About Yana →Yana Skakun is a professional photographer based in Cambridge, covering weddings, families, and portraits across England. Every session is personal — planned around your story, your people, and the moments that matter most. This guide — Royal Parks Wedding Photography Permits: What You Need to Know — is part of the photography journal: practical, experience-based advice drawn from real sessions across England. Whether you arrived searching for royal or parks, the same care and attention shapes every session Yana photographs.
Professional Photography sessions are available year-round, with bookings open across Cambridge, Ely, Huntingdon, Peterborough, and further afield — East England, London, the Midlands, and beyond. If you have specific questions about wedding, mention it in your enquiry. Get in touch through the contact form above to check availability and discuss your session. Enquiries are welcomed from anywhere in the UK.

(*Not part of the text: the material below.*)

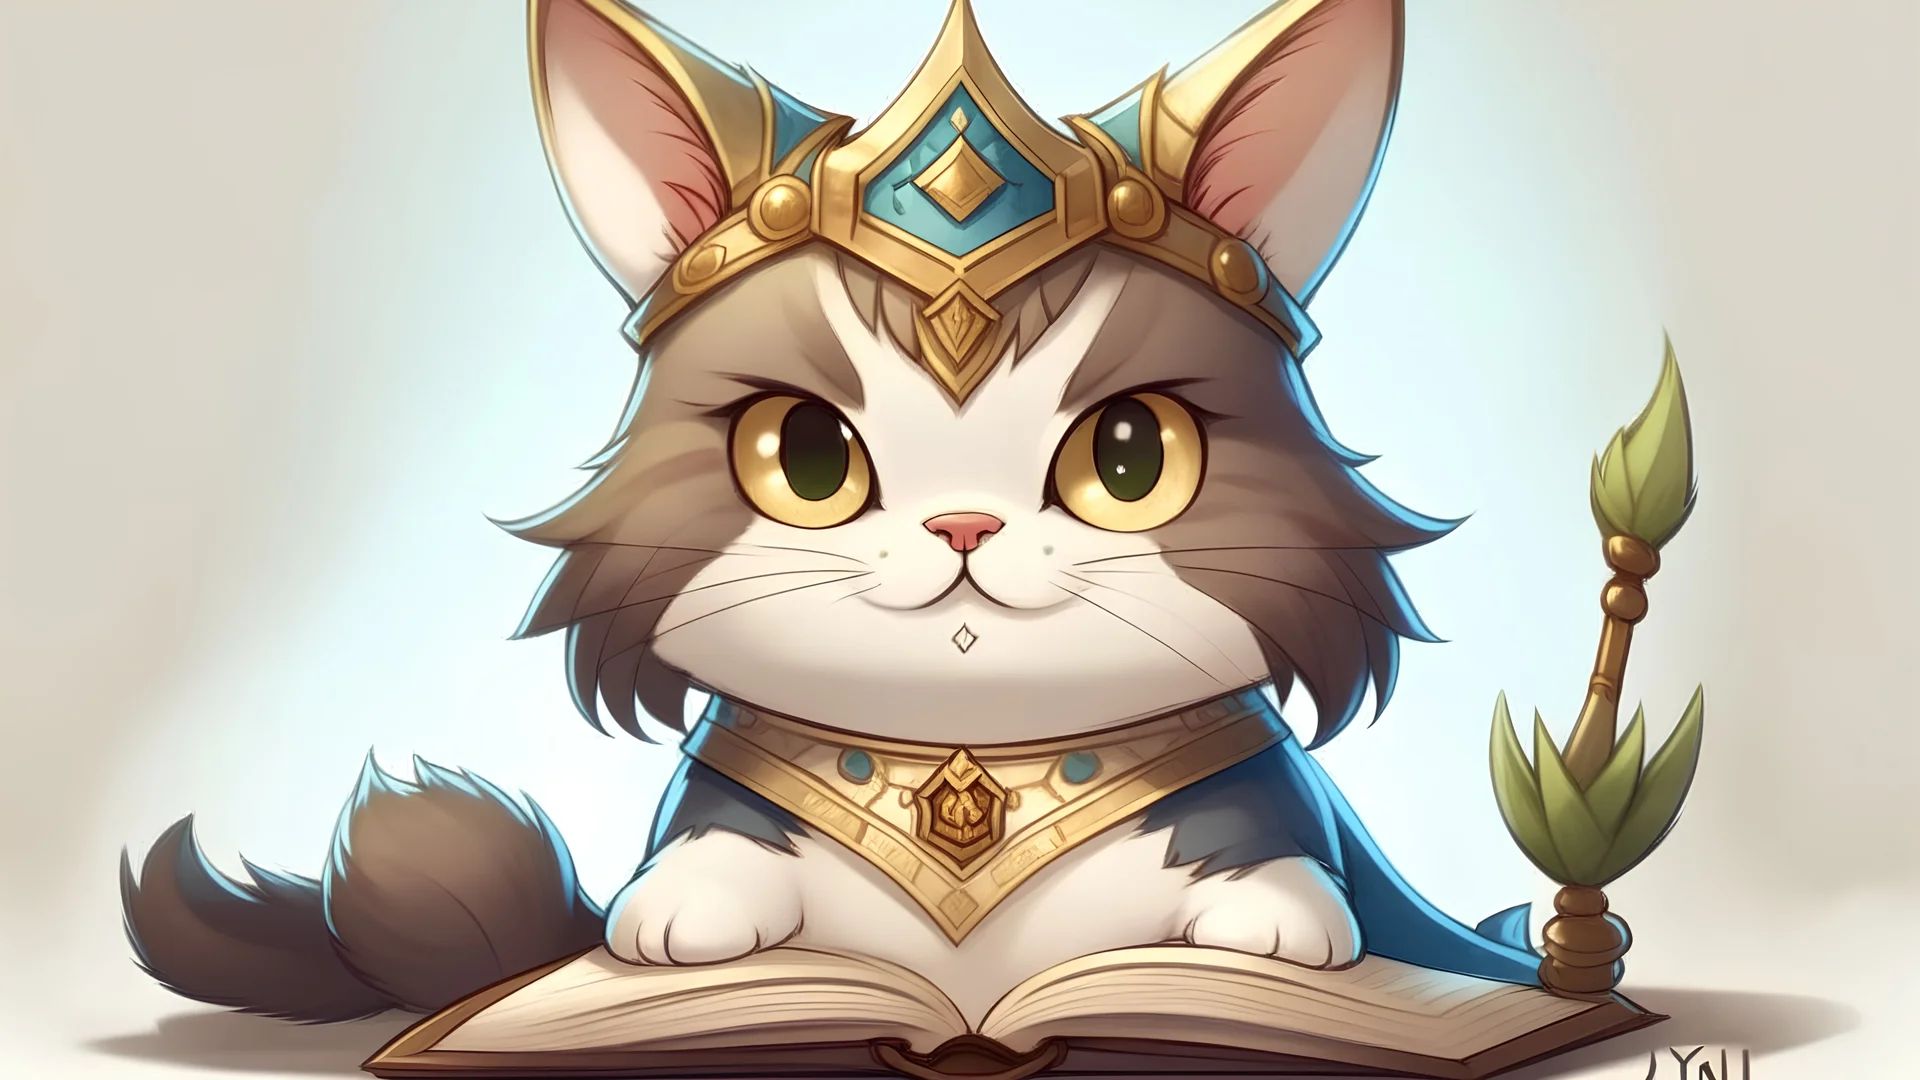 Yuumi's Cat from League of legends with a crown on the head with her Book

For outdoor portraits, shoot in aperture priority mode. Use a wide aperture (f/1.8–f/2.8) to blur the background and isolate your subject. Keep ISO as low as possible in good light. In bright conditions, use a neutral density filter or switch to manual to avoid overexposure at wide apertures.

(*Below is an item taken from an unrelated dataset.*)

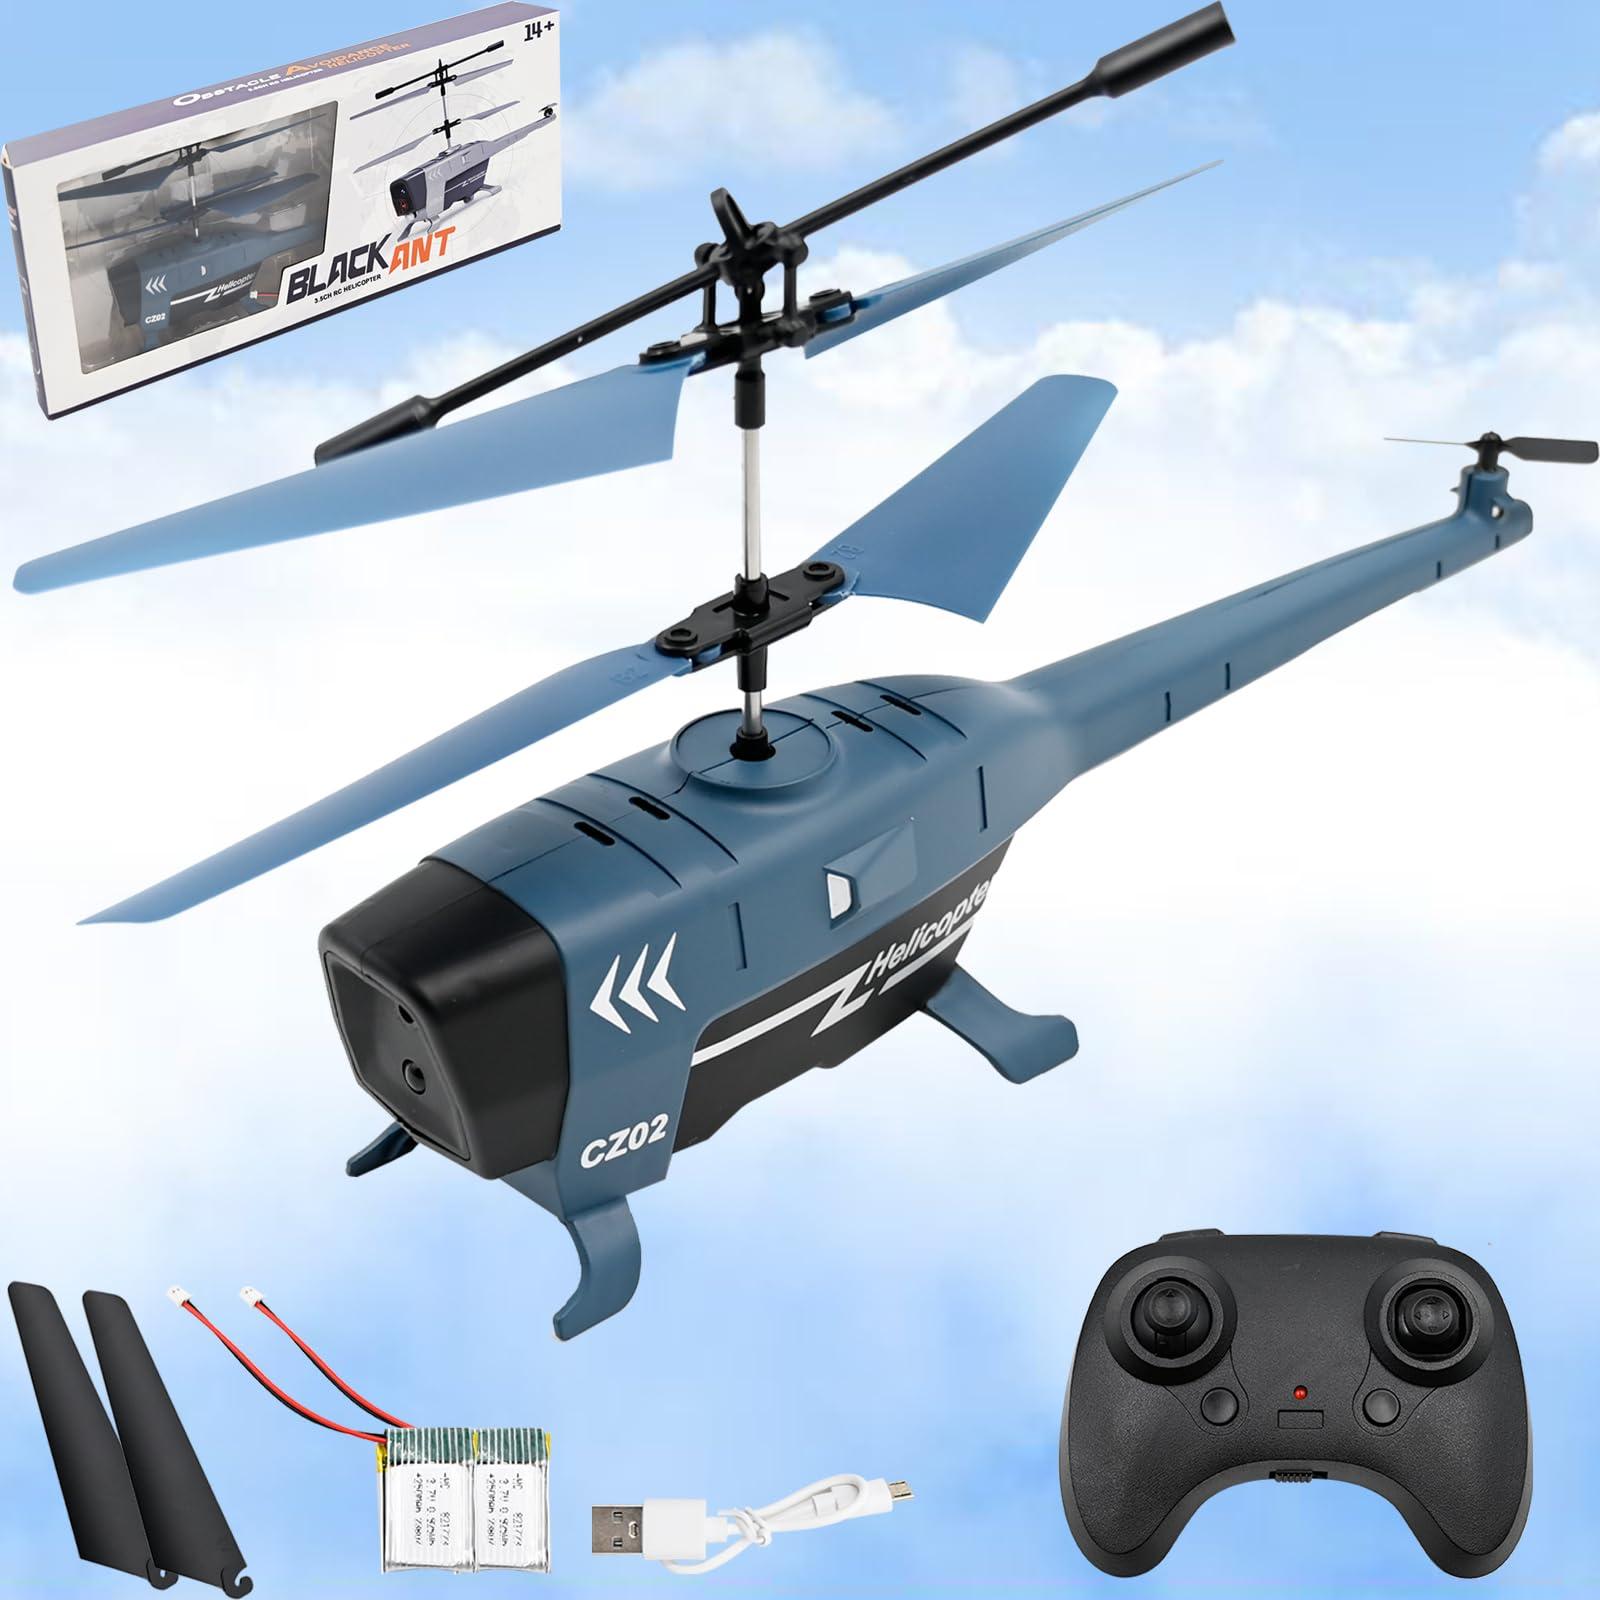 2Nd Hand Rc Helicopters For Sale: Negotiate the Price for 2nd Hand RC Helicopters

Golden hour is the period roughly 30–60 minutes after sunrise and before sunset. The sun is low in the sky, producing warm, soft, directional light that flatters skin tones and creates beautiful long shadows. It's widely considered the best natural light for portrait and outdoor photography.
In low light, increase your ISO (accepting some grain), use the widest aperture your lens allows, and slow your shutter speed to the slowest you can hand-hold without camera shake (roughly 1/focal length as a guide). Use image stabilisation if available, and consider a tripod for static subjects.
The rule of thirds divides the frame into a 3×3 grid. Placing your subject on one of the four intersection points — rather than dead centre — creates a more dynamic, visually interesting composition. It's a guideline, not a rule: some of the most powerful images break it deliberately.
Professional editing starts with shooting in RAW format. In Lightroom or similar software, correct exposure, white balance, and contrast first. Recover shadow and highlight detail. Apply gentle colour grading for mood. Be conservative with skin retouching — the goal is natural enhancement, not transformation. Consistency across a set of images is what separates professional from amateur editing.